Engineering Contradictions & Design Principles
Engineering Contradiction Analysis
1Adaptability or versatility
If traditional ISPs use separate discrete blocks with hand-tuned parameters for image processing, then specific image processing functions can be applied, but the system requires over 10,000 hand-tuned parameters that must be re-tuned for each customer preference, which is very time-consuming and expensive
Solution Approach 1:
The patent replaces the manual hand-tuning mechanism with a machine learning model that automatically generates processing parameters. The ML model takes image data as input and outputs optimized parameter settings for various image processing functions, eliminating the need for manual adjustment of over 10,000 parameters while maintaining adaptability to different customer preferences and image characteristics.
Solution Approach 2:
The system enables self-service by allowing the image processing parameters to be automatically determined by the machine learning model based on the input image characteristics. The model autonomously adjusts parameters for noise reduction, sharpening, color processing, and other functions without requiring manual intervention, thus resolving the time-consuming hand-tuning process.
2Manufacturing precision
If traditional ISPs use hand-tuned parameters for image processing, then consistent processing can be applied, but the same parameters are used for every image regardless of content, leading to suboptimal image enhancement
Solution Approach 1:
The patent implements local quality by generating spatially varying parameter maps instead of uniform parameters across the entire image.

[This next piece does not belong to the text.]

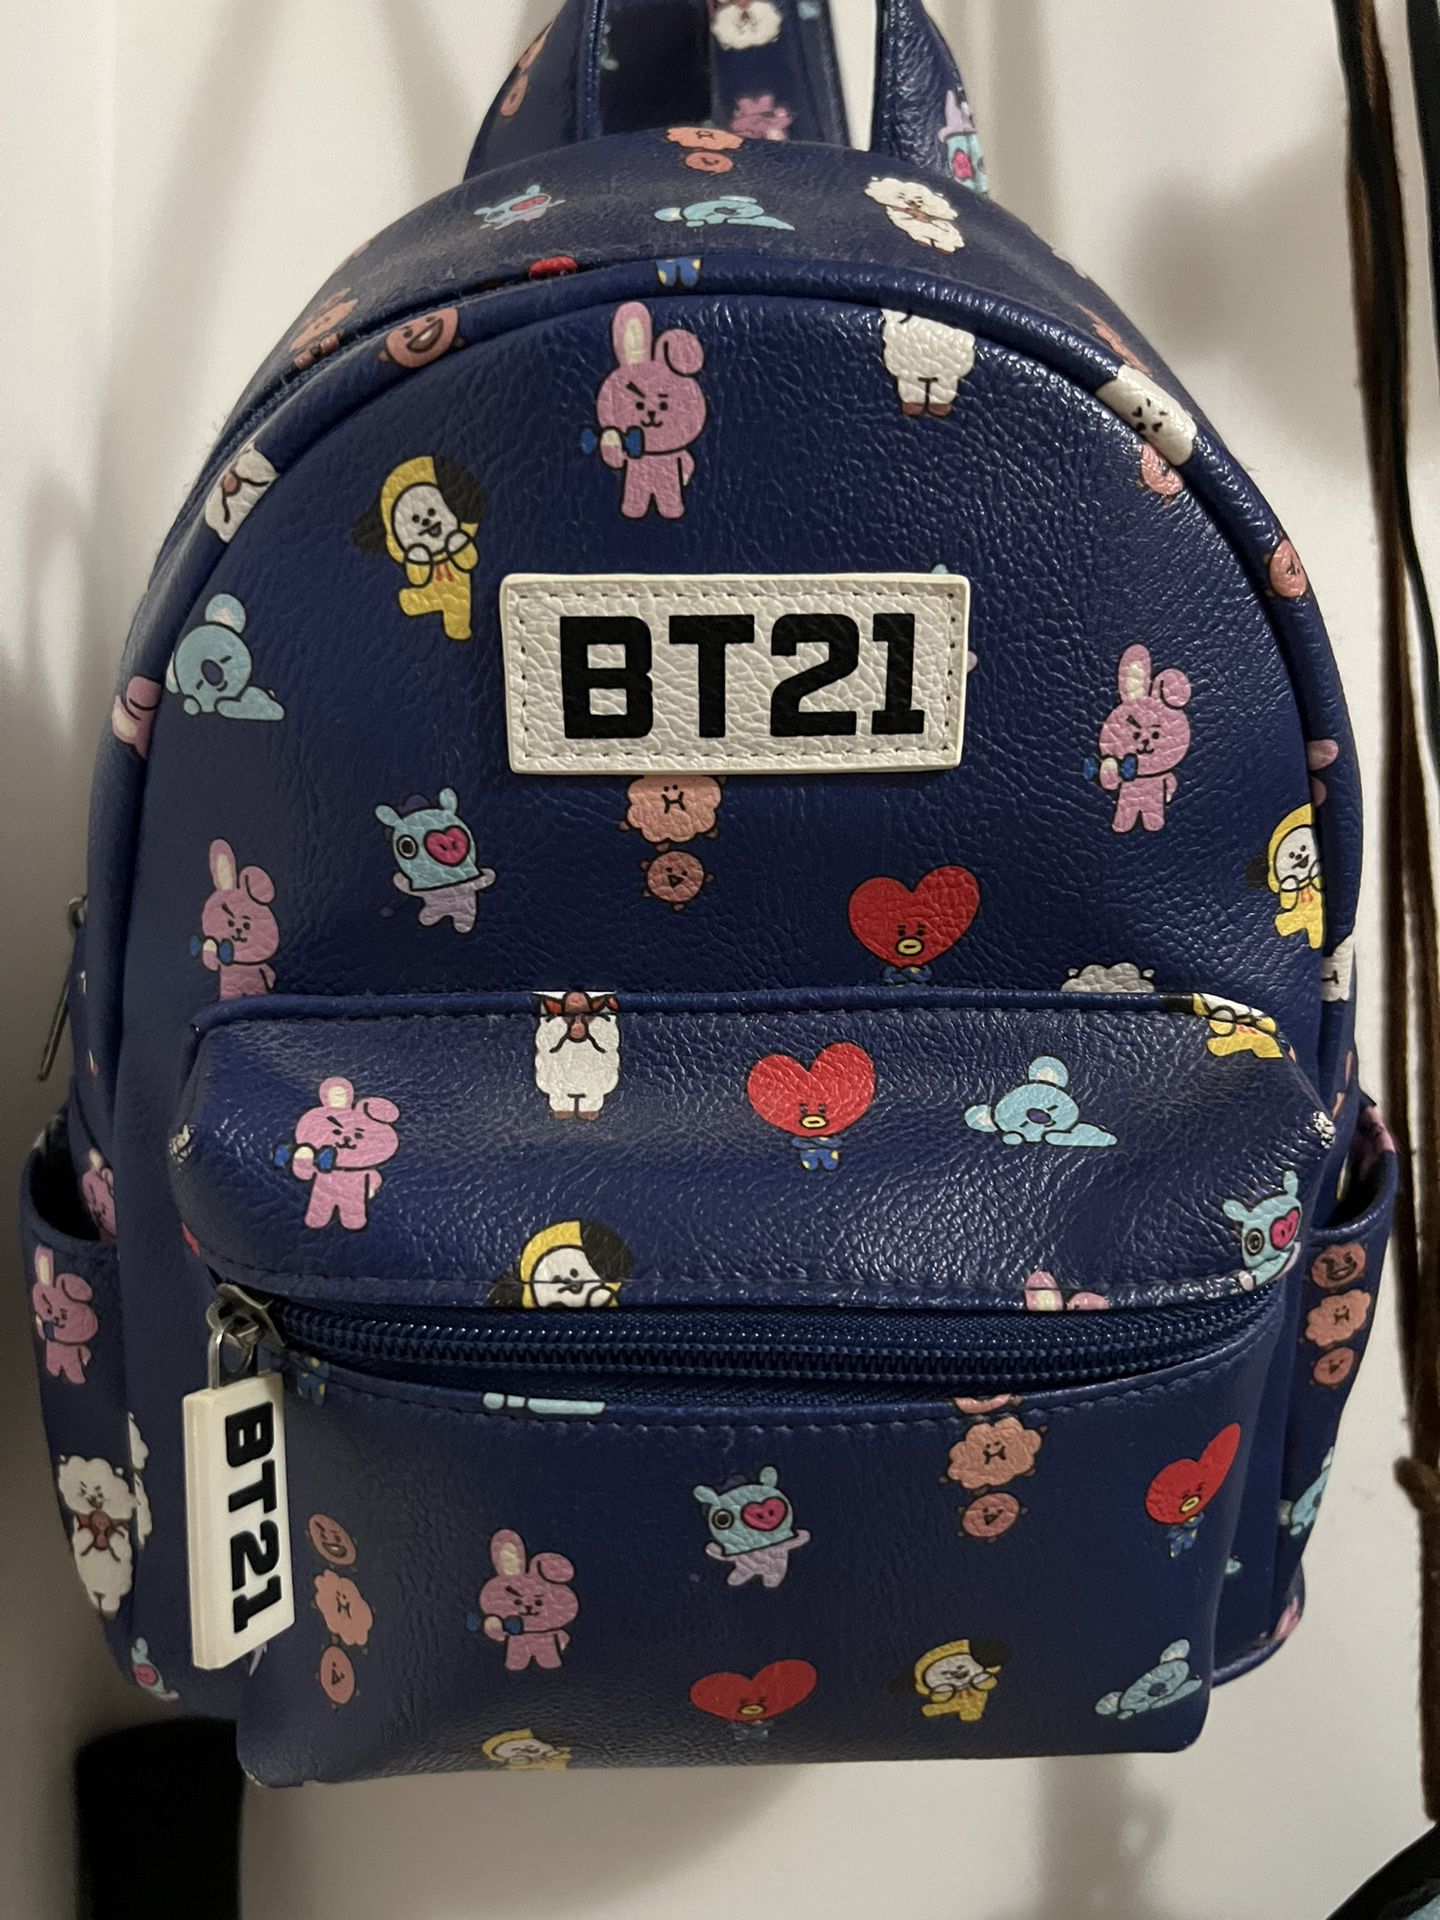 Bt21 Backpack

The machine learning model produces multiple maps (e.g., noise map, sharpness map, color map) where each pixel or region has customized processing parameters tailored to its local characteristics, enabling precise adaptation to different image content while maintaining overall processing consistency.
3Device complexity
If uniform image processing parameters are applied to all regions, then processing simplicity is maintained, but halo effects occur at boundaries and image quality deteriorates
Solution Approach 1:
The patent applies segmentation by dividing the image processing into multiple spatial regions with distinct parameter sets. The machine learning model generates separate parameter maps for different image regions, allowing independent optimization of processing parameters for each region. This segmented approach eliminates halo effects at boundaries by ensuring smooth transitions between regions with different processing characteristics.
Data Source
AI summary
An imaging system can obtain image data, for instance from an image sensor. The imaging system can supply the image data as input data to a machine learning system, which can generate one or more maps based on the image data. Each map can identify strengths at which a certain image processing function is to be applied to each pixel of the image data. Different maps can be generated for different image processing functions, such as noise reduction, sharpening, or color saturation. The imaging system can generate a modified image based on the image data and the one or more maps, for instance by applying each of one or more image processing functions in accordance with each of the one or more maps. The imaging system can supply the image data and the one or more maps to a second machine learning system to generate the modified image.